🤖 AI Summary
This work addresses the challenge of computational inefficiency in long-context reinforcement learning, where dense rollouts incur high costs and static sparse rollouts often lead to training instability. The authors identify that sparse rollout collapse stems not from overall performance degradation but from distributional mismatches in tail tokens across policies. To mitigate this, they propose a dynamic sparsification scheduler that monitors per-token distributional divergence between actor and policy outputs, maintaining a constant threshold for tail-token mismatch. Combined with a lightweight LoRA-based distillation mechanism (DistillSparse), this approach enhances sparsity strength while preserving stability.

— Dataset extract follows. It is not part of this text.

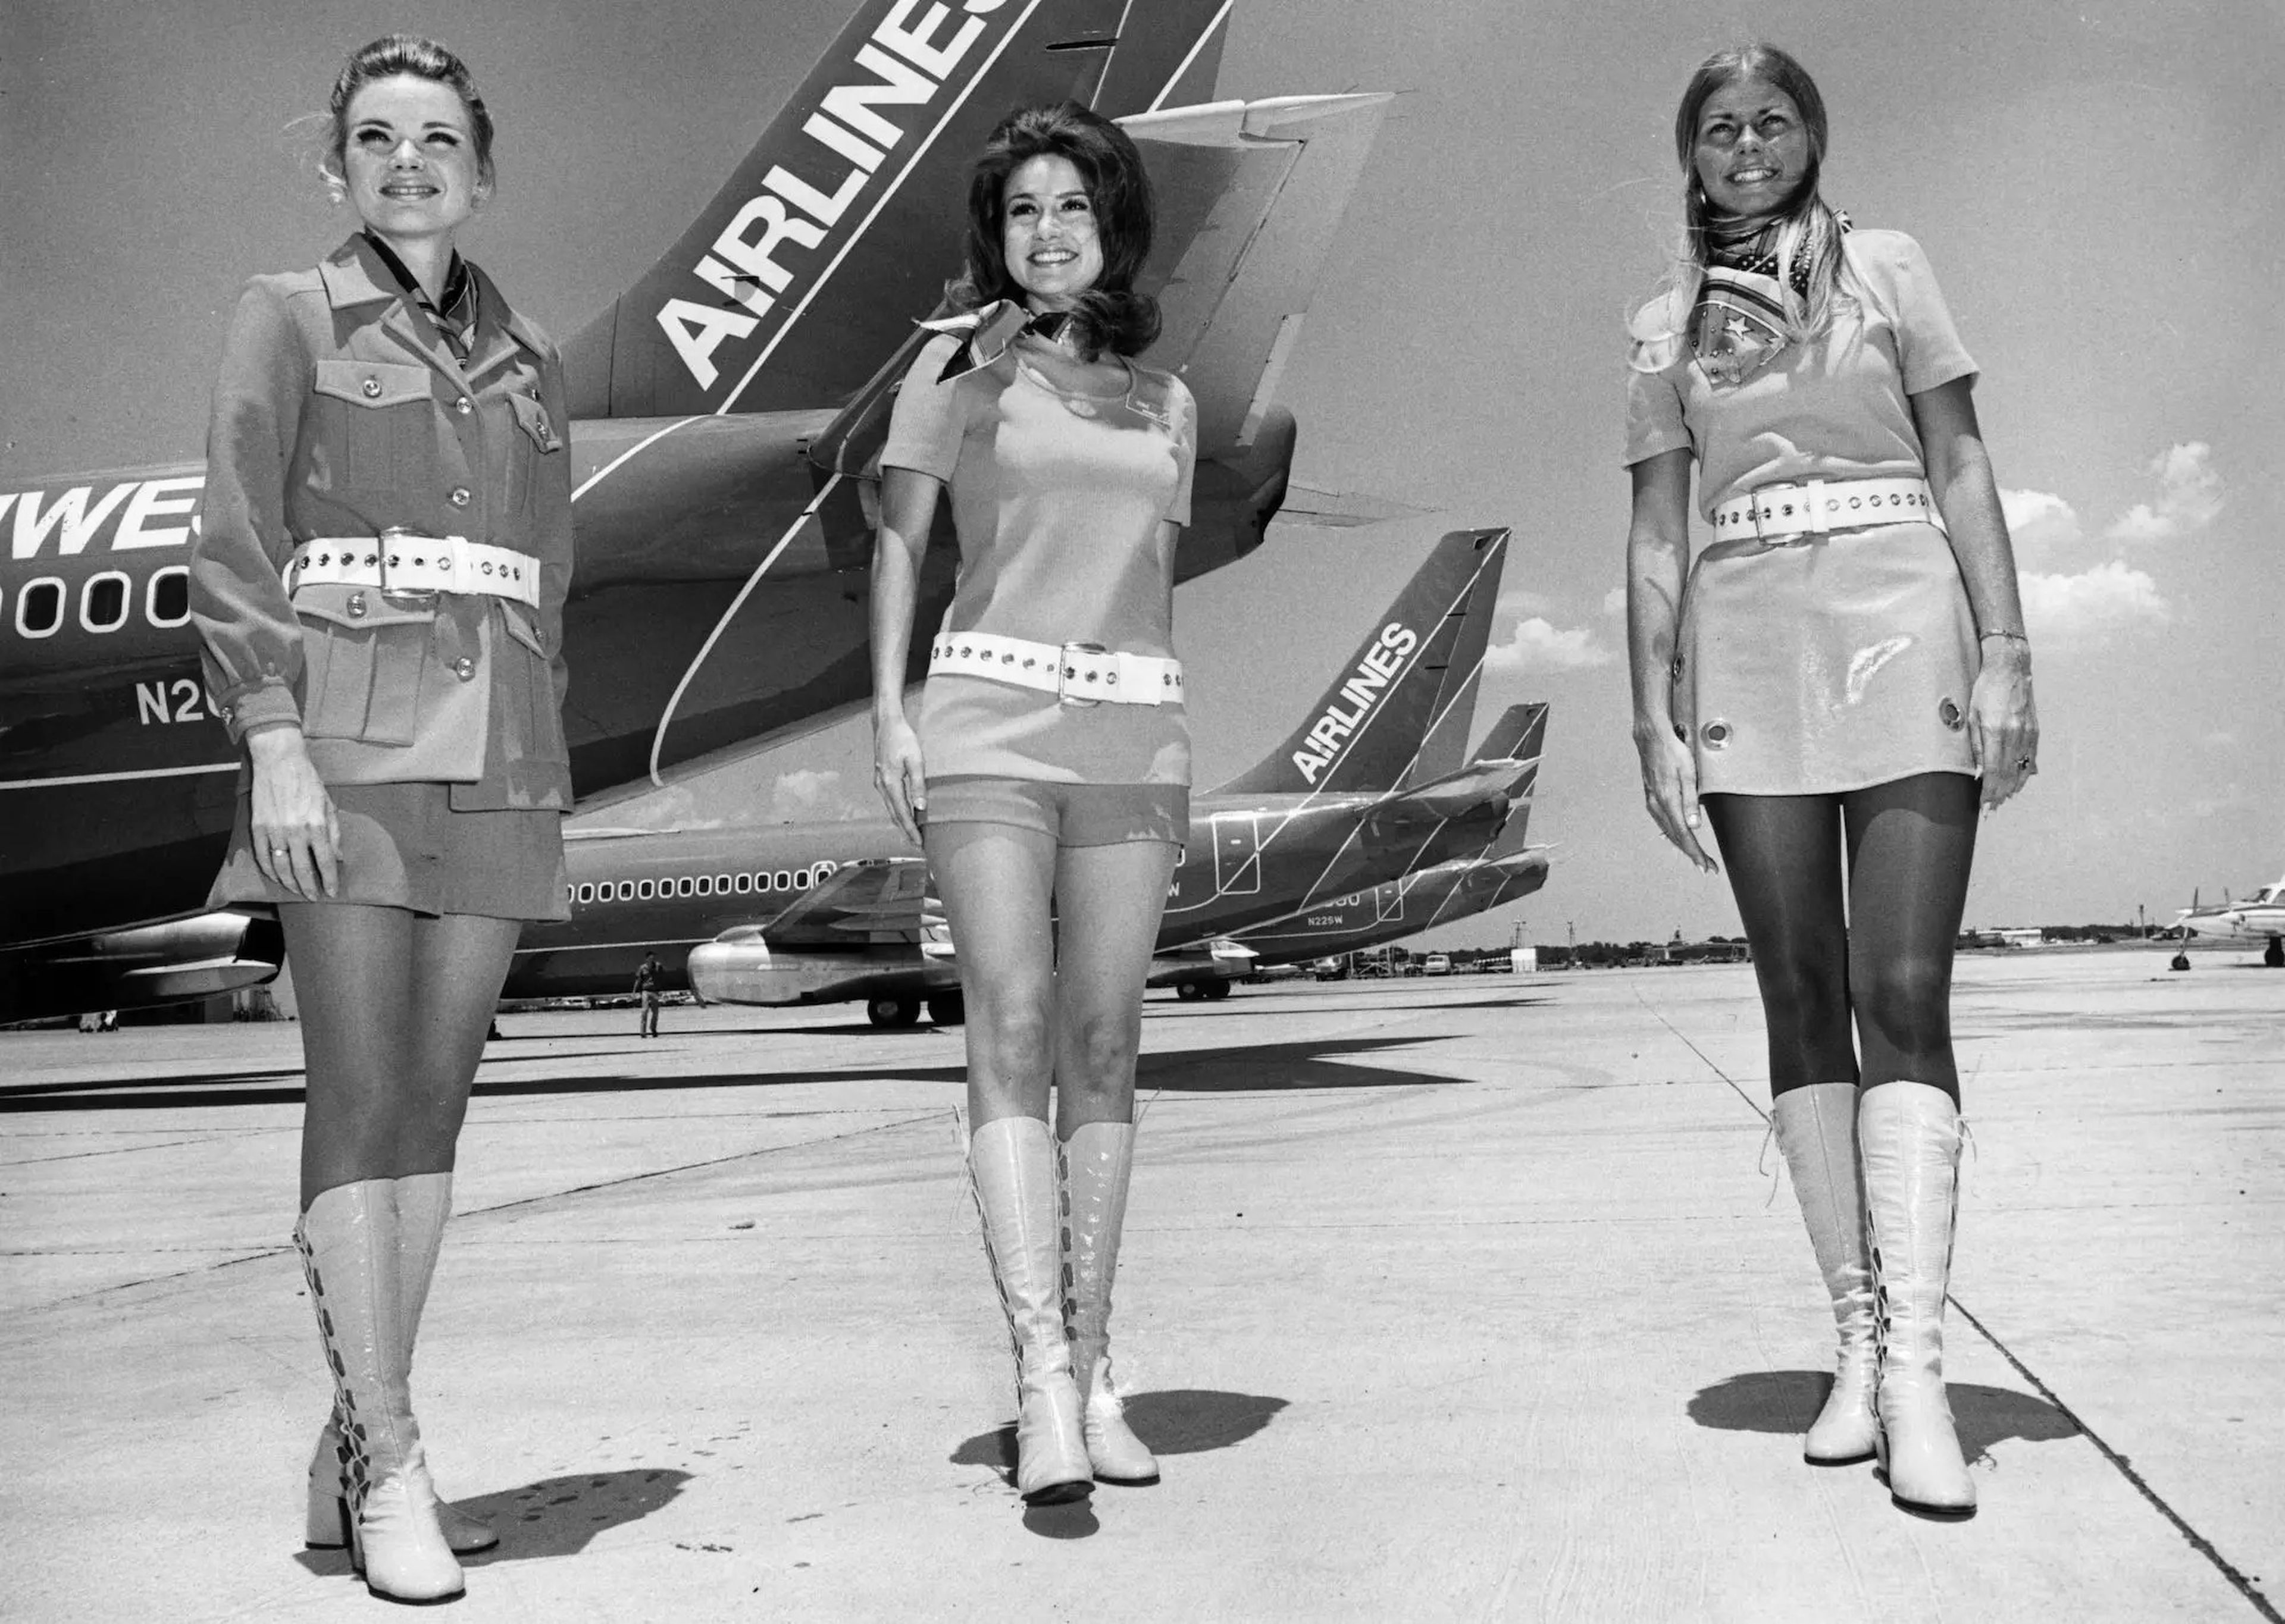 Foto de 1968 de tres auxiliares de vuelo de Southwest Airlines.

Evaluated on the Qwen3 model series, the method achieves 2.0×–2.4× rollout acceleration and demonstrates strong generalization on larger models and programming tasks.
📝 Abstract
Despite being powerful, reinforcement learning with verifiable rewards (RLVR) induces extremely long COT, making it computationally expensive. Since RLVR per-step cost is dominated by long-context rollout generation, sparse attention offers a promising way to accelerate dense rollout. However, sparse rollouts require a delicate stability-efficiency tradeoff: overly aggressive sparsity causes collapse, while overly lenient sparsity gives insufficient speedup. In this work, we study this tradeoff through sparse-to-dense actor-policy mismatch. We first observe that sparse rollout collapse is not driven by uniform degradation across tokens: most sparse tokens align perfectly with dense even under aggressive sparsity. Motivated by this, we hypothesize that sparse rollout training remains stable if the lower tail of per-token actor-policy mismatch stays above a critical threshold throughout the trajectory. We introduce a dynamic sparsity schedule that keeps this tail statistic constant during generation and validate our hypothesis. Across Qwen3 thinking-family models, keeping the tail mismatch statistic near a consistent threshold generally enables stable training. We then use a cost model to find the sparsity schedule for maximum speedup under this mismatch threshold, achieving 2.2x, 2.4x, and 2.0x rollout speedups when training Qwen3-1.7B, Qwen3-4B, and Qwen3-8B. Empirically, we show the thresholds generalize to a larger model (Qwen3-14B) and another RL domain (coding). Finally, our analysis naturally motivates DistillSparse: lightweight LoRA-based distillation on sparse rollout lets more aggressive sparsity reach the same sparse-to-dense mismatch threshold, yielding higher speedup.